AI coding agents, including Claude Code, Cursor, Codex, and GitHub Copilot, share an architectural constraint that no amount of model improvement will eliminate in the near term: they start each session without any memory of the last one. Every session begins at zero. The agent has no awareness of architectural decisions made last sprint, conventions the team settled on three months ago, or the mistake it made and corrected last Tuesday. That amnesia is by design, not by accident, and it is the root cause of most consistency problems developers attribute to the model itself.

Context files emerged as the community's practical answer. The idea is direct: write down what the agent needs to know at the start of every session, load it automatically, and give the agent a running start. Claude Code reads a file called CLAUDE.md; Cursor reads .cursorrules; OpenAI's Codex and GitHub Copilot agents have converged on AGENTS.md as an emerging cross-tool standard. By the time a 2026 efficiency study tallied adoption, the AGENTS.md format alone had been adopted by more than 60,000 GitHub repositories. A separate large-scale scan of 129,134 GitHub projects found AI coding agent adoption ranging from 15.85 to 22.60% across the surveyed population.

That adoption curve is accelerating, and with it, a default behavior: run the agent's initialization command, let it analyze the codebase, and auto-generate the context file. It feels productive. The file looks comprehensive. The problem is that benchmark research published in February 2026 by researchers at ETH Zurich found that LLM-generated context files reduced task success rates in 5 of 8 evaluation settings, with an average performance drop of 2 to 3 percentage points. Inference costs rose by 20 to 23% at the same time. The auto-generation workflow that feels like a productivity win is, by the benchmark's measure, the worst of the three options tested: no context file, AI-generated file, and human-written file. Human-written files performed best. No file at all came in second. Auto-generated came last.

The ETH Zurich team built a purpose-designed benchmark called AGENTbench, which evaluated 138 real Python tasks drawn from 12 niche repositories. These weren't toy problems. The repositories were chosen because they already had developer-committed context files in place, giving the researchers a ground truth of what humans thought agents needed to know. The context files those developers wrote averaged 641 words across 9.7 sections. The researchers then tested whether providing those files, or AI-generated alternatives, improved agent task completion across Claude Code, Codex, and Qwen Code.
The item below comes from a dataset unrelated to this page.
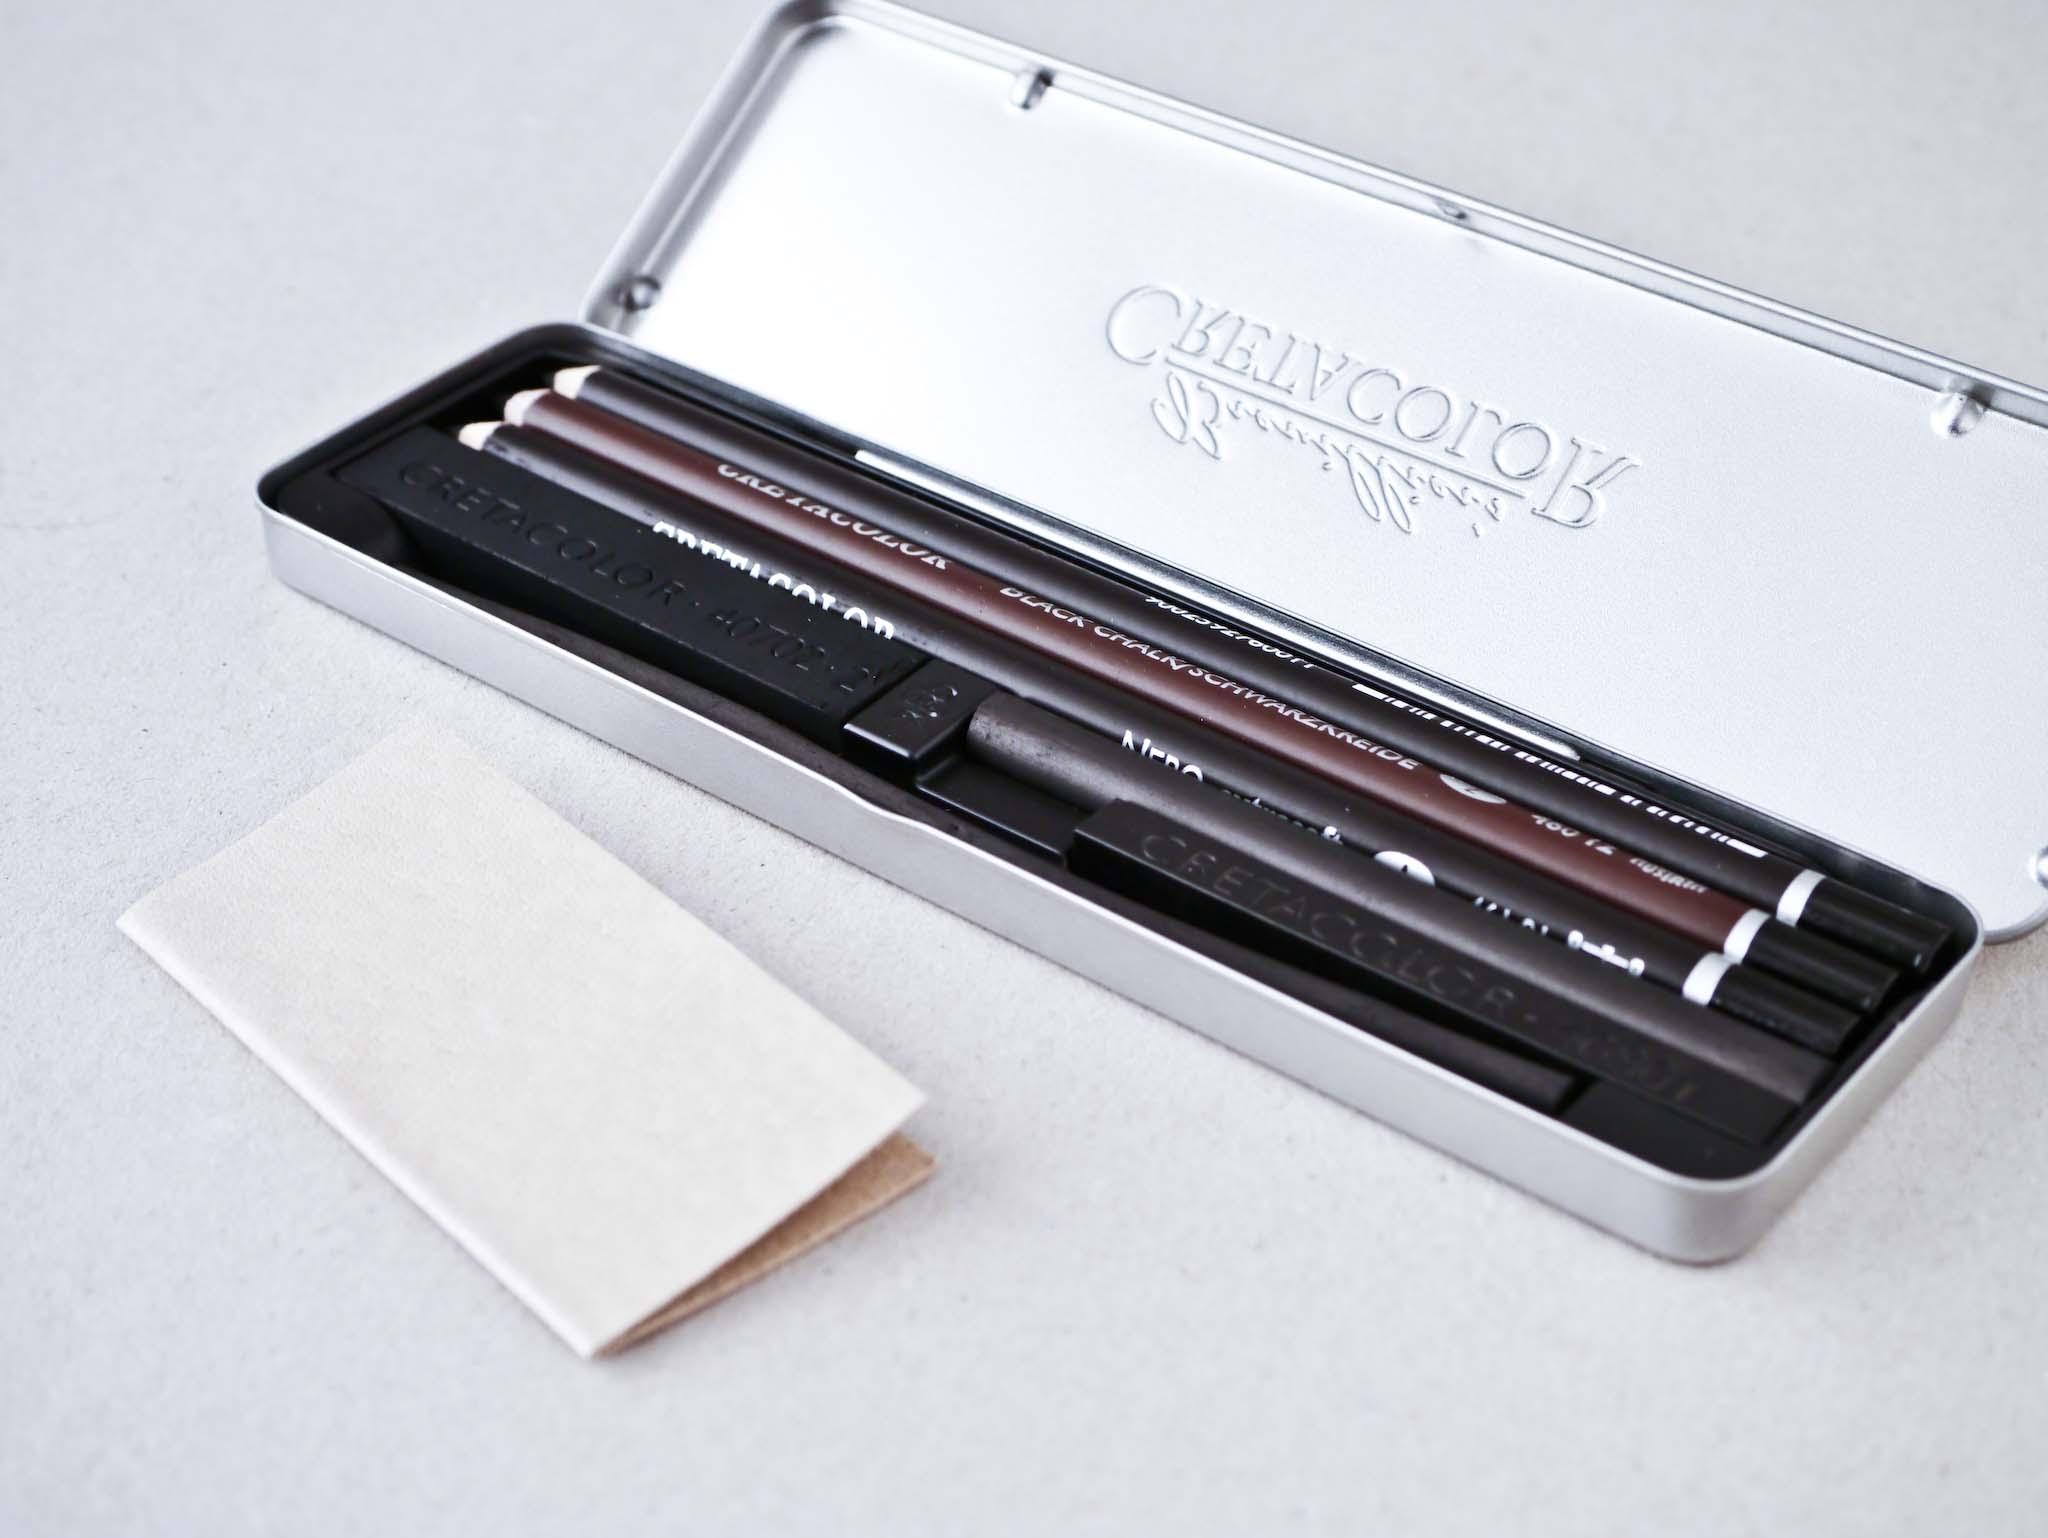 Cretacolor Charcoal Pocket Set

Whether the ETH Zurich results generalize equally to polyglot or monorepo codebases remains an open question for our team to watch as follow-up studies emerge. The benchmark was built on Python repositories, and the degree to which its findings transfer to other language ecosystems and codebase structures has not yet been tested empirically. That said, the mechanism the researchers identified applies at the level of how LLM inference works, not at the level of Python specifically, and that is where the more durable insight lives.
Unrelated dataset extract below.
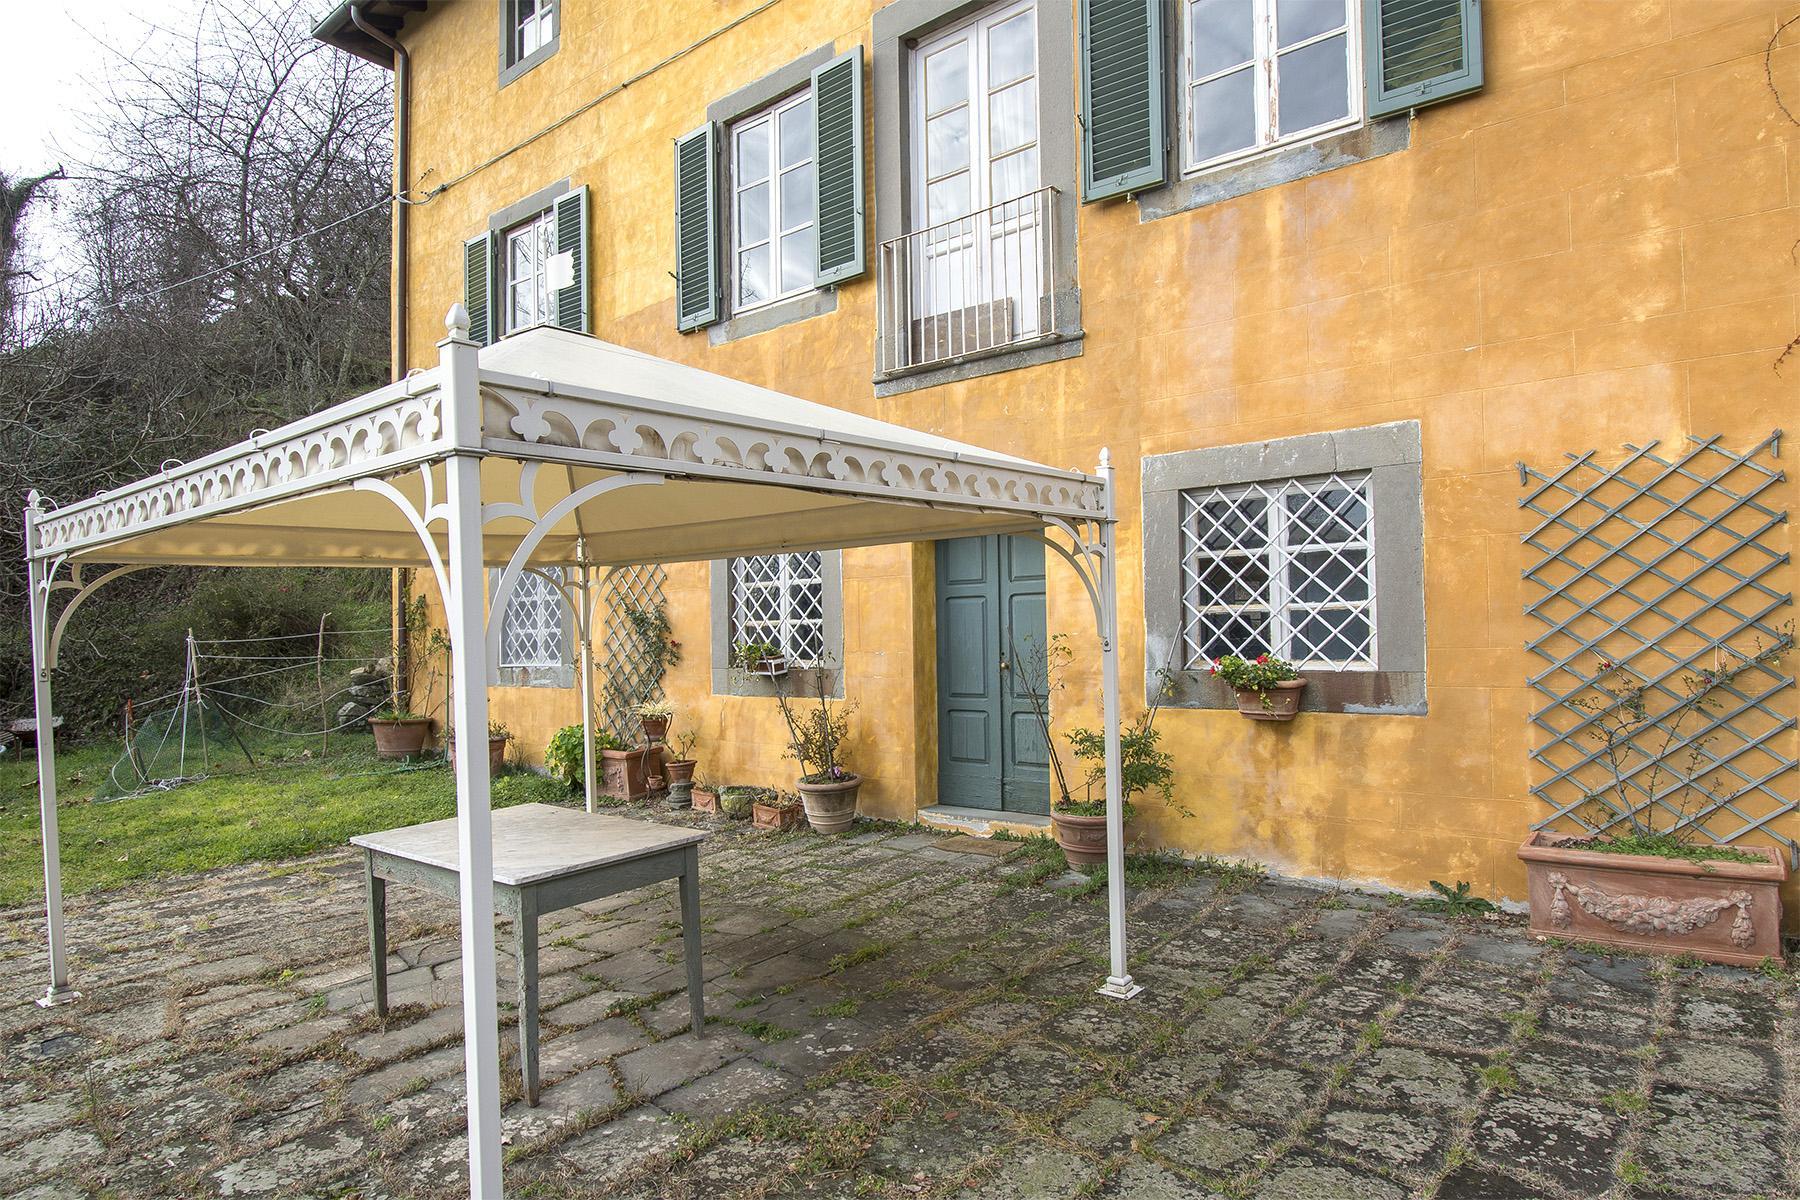 Villa historique près d'un village toscan médiéval - 20

Why Agents Follow Bad Instructions Better Than Humans Do

When ETH Zurich's researchers traced why context files raised agent costs by 20% without improving outcomes, the mechanism turned out to be agents' own compliance: they followed every instruction, ran every check the file prescribed, even when those checks had nothing to do with the task at hand. A context file that told agents to use the uv package manager resulted in that tool being invoked 1.6 times per instance on average, compared to fewer than 0.01 times without the file. Agents do not read context instructions and judge their relevance to the current task. They treat all instructions as active for all tasks, all the time. The behavioral trace analysis in the ETH Zurich paper suggests this mechanism is likely operating across all agents tested, though the precise degree may vary by model capability and task type.

Every transformer-based model creates a pairwise relationship between every token in its context and every other token. The number of those relationships grows as the square of the context length: doubling the tokens quadruples the attention relationships the model must track. That means every token in a context file competes directly with every token in the actual task for the model's attention capacity. Adding more instructions doesn't just give the agent more to follow; it reduces the precision with which the agent can follow everything.

Researchers at Chroma tested this phenomenon, which they call context rot, across 18 frontier models and found that every model degrades as input length grows. The degradation is not a steep cliff but a gradient: performance erodes steadily as more content fills the window. Models attend most reliably to content at the very beginning and very end of their context; material positioned in the middle is retrieved with measurably lower accuracy. A verbose context file loaded before every session doesn't just consume tokens; it pushes task-critical information toward the middle of the window, the lowest-attention zone.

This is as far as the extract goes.